In the algorithm community, there are many other models dealing with dynamic and uncertain data, from various points of view. However, none of them captures the two crucial aspects of our dynamic data model: the underlying data keeps changing, and the data exposes limited information to the algorithm by probing. For example, data stream algorithms [15] deal with a stream of data, typically with limited space, but the algorithms can observe the entire data that has arrived; local algorithms on graphs [16, 17] probe the underlying graphs by a limited number of query, but typically the graphs are static; in online algorithms [18], though the data comes over time and is processed without knowledge of the future data, the algorithms know all the data up to now; the multi-armed-bandit model [19] tends to optimize the total gain in a finite exploration-exploitation process, while our framework concerns the performance of the algorithm at every time step in an infinite process.

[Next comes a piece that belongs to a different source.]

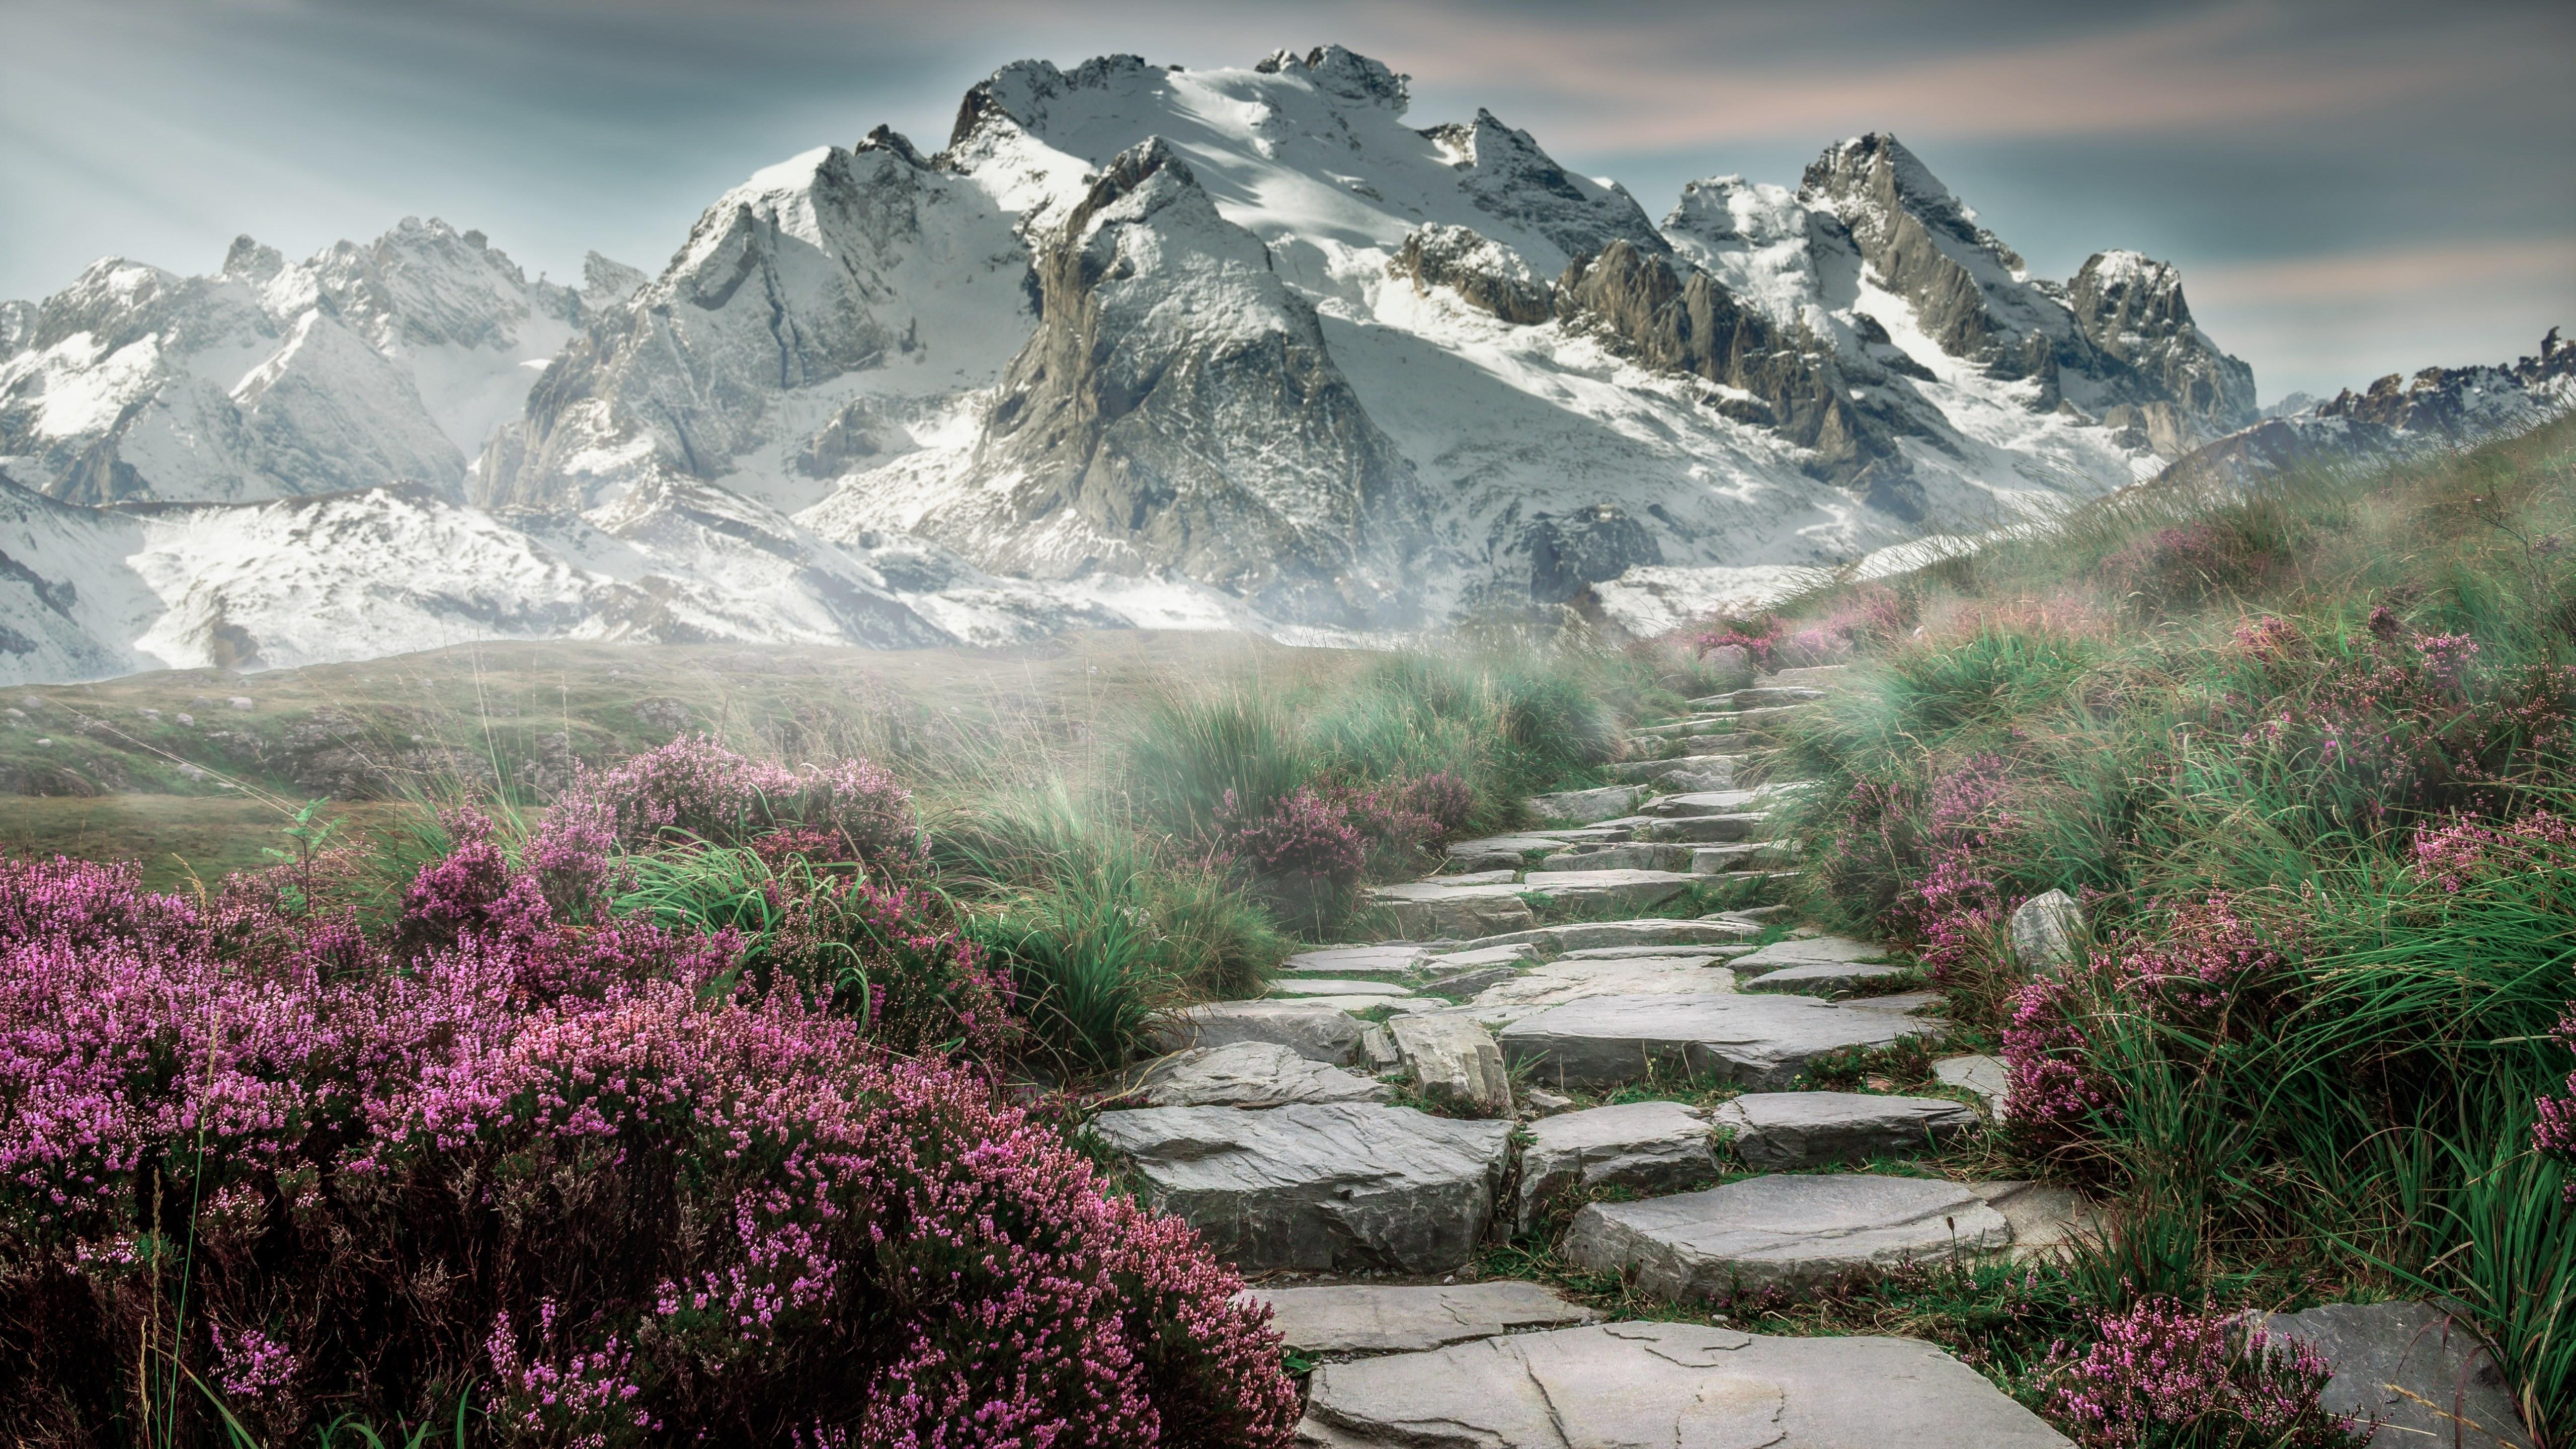 Download wallpaper: Surreal mountain landscape 5120x2880
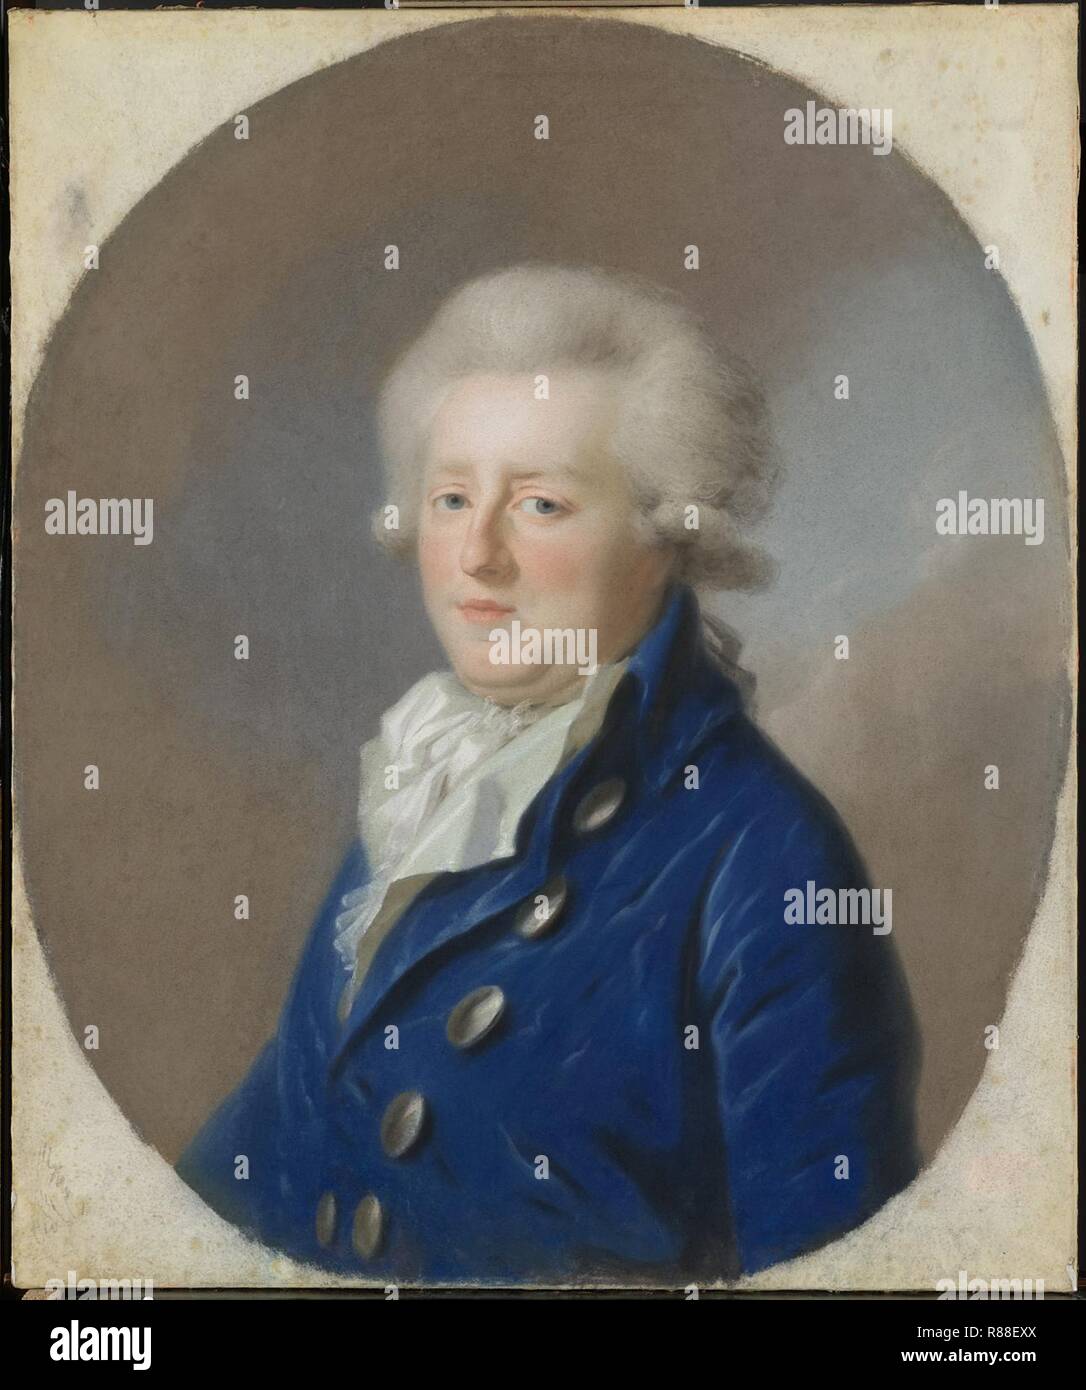 Carel Georg Agosto (1766-1807), erfprins van Braunschweig-Wolfenbüttel. Echtgenoot van Frederica Louisa Wilhelmina (Louise), prinses van Oranje-Nassau Foto Stock

The rest of the paper is organized as follows. In Sect. 2, we provide the formal definition of the models and formulate the problems. Section 3 is devoted to solving the top-k-set problem and the top-k-selection problem in the consecutive-swapping model. In Sect. 4, the problems are studied in the Gaussian-swapping model. Section 5 concludes the paper. Due to the limitation of space, all proofs of the theorems will be omitted.

2 Preliminaries

We now formalize our dynamic data model.

Let \(U=\{u_1,...,u_n\}\) be a set with n elements, and \(\mathcal {U}\) be the set of all total orders over U, that is, \(\mathcal {U}=\{\pi : U\rightarrow [n]\ |\forall i\ne j,\pi (u_i)\ne \pi (u_j)\}\), where \([n]\triangleq \{1,2,...n\}\). For any \(\pi \in \mathcal {U}\) and \(k\in [n]\), we define \(\pi ^{-1}(k)\) to be the kth element and \(\pi (u)\) to be the rank of u relative to \(\pi \). If \(\pi (u)<\pi (v)\), we say \(u>_{\pi }v\) or simply by \(u>v\) when \(\pi \) can be inferred from context.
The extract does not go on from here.